▸ TASK DETAILS
Here is a block of records. Copy every line in it that includes "Wool".

▸ MATERIAL FOR THE TASK

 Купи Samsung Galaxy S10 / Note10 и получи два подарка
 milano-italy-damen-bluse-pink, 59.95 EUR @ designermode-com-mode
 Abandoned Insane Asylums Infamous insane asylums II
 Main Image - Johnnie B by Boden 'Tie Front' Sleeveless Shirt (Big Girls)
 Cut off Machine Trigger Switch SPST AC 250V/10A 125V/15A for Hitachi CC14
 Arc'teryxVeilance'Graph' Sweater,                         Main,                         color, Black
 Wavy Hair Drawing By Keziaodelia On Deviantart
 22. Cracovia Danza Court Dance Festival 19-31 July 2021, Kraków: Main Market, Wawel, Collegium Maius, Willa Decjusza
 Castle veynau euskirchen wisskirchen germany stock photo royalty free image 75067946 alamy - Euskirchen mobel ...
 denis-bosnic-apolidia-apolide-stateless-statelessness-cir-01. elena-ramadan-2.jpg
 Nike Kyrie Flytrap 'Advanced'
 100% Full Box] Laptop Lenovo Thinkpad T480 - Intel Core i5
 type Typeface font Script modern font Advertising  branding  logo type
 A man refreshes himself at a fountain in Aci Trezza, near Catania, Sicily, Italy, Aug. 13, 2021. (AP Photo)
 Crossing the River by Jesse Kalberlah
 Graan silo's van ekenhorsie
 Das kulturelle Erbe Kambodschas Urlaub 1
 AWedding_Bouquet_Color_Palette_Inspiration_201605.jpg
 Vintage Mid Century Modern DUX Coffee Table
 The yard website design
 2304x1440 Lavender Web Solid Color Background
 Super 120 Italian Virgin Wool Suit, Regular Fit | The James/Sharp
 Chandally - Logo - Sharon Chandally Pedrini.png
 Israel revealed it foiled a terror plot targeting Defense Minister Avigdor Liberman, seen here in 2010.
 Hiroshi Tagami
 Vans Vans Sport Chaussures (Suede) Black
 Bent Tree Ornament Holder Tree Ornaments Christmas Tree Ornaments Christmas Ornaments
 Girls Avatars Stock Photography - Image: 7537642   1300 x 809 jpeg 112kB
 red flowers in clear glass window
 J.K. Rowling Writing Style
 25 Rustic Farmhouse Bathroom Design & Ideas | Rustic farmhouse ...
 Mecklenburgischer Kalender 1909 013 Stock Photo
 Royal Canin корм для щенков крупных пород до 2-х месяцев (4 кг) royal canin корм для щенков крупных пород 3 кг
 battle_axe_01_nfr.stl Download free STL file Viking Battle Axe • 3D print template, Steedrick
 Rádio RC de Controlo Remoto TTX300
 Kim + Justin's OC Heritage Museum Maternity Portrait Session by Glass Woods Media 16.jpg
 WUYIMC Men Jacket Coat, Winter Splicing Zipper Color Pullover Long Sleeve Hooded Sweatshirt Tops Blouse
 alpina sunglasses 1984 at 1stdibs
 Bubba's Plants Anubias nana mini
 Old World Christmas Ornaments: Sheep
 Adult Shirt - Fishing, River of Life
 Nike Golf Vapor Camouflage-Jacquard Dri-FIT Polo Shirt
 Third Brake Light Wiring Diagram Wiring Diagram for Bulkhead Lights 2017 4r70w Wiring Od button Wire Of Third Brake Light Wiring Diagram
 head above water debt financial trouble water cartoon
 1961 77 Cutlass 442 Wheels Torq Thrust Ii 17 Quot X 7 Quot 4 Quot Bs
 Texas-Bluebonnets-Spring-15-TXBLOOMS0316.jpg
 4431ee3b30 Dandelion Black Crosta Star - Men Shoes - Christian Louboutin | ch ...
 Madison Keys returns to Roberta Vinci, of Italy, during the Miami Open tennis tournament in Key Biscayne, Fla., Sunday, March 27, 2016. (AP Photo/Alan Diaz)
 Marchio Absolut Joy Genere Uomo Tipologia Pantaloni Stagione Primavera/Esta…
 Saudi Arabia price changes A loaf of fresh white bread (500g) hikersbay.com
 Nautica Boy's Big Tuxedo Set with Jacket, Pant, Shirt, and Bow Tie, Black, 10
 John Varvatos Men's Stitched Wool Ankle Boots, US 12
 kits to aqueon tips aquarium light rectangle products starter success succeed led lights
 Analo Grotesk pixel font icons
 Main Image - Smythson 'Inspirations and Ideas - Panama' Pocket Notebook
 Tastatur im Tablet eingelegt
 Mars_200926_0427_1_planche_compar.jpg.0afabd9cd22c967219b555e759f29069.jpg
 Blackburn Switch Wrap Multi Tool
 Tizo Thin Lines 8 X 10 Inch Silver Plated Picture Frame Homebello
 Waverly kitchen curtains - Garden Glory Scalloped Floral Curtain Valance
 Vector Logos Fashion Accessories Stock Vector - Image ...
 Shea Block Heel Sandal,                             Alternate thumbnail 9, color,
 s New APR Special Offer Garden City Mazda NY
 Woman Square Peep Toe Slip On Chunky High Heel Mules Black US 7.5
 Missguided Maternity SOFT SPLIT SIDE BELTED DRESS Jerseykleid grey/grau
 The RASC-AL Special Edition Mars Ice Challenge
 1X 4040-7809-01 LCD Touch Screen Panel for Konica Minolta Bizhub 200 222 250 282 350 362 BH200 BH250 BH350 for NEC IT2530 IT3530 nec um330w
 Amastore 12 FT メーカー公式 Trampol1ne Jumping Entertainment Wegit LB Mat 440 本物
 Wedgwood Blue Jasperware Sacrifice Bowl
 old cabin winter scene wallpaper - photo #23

▸ RESPONSE TO THIS TASK
 Super 120 Italian Virgin Wool Suit, Regular Fit | The James/Sharp
 John Varvatos Men's Stitched Wool Ankle Boots, US 12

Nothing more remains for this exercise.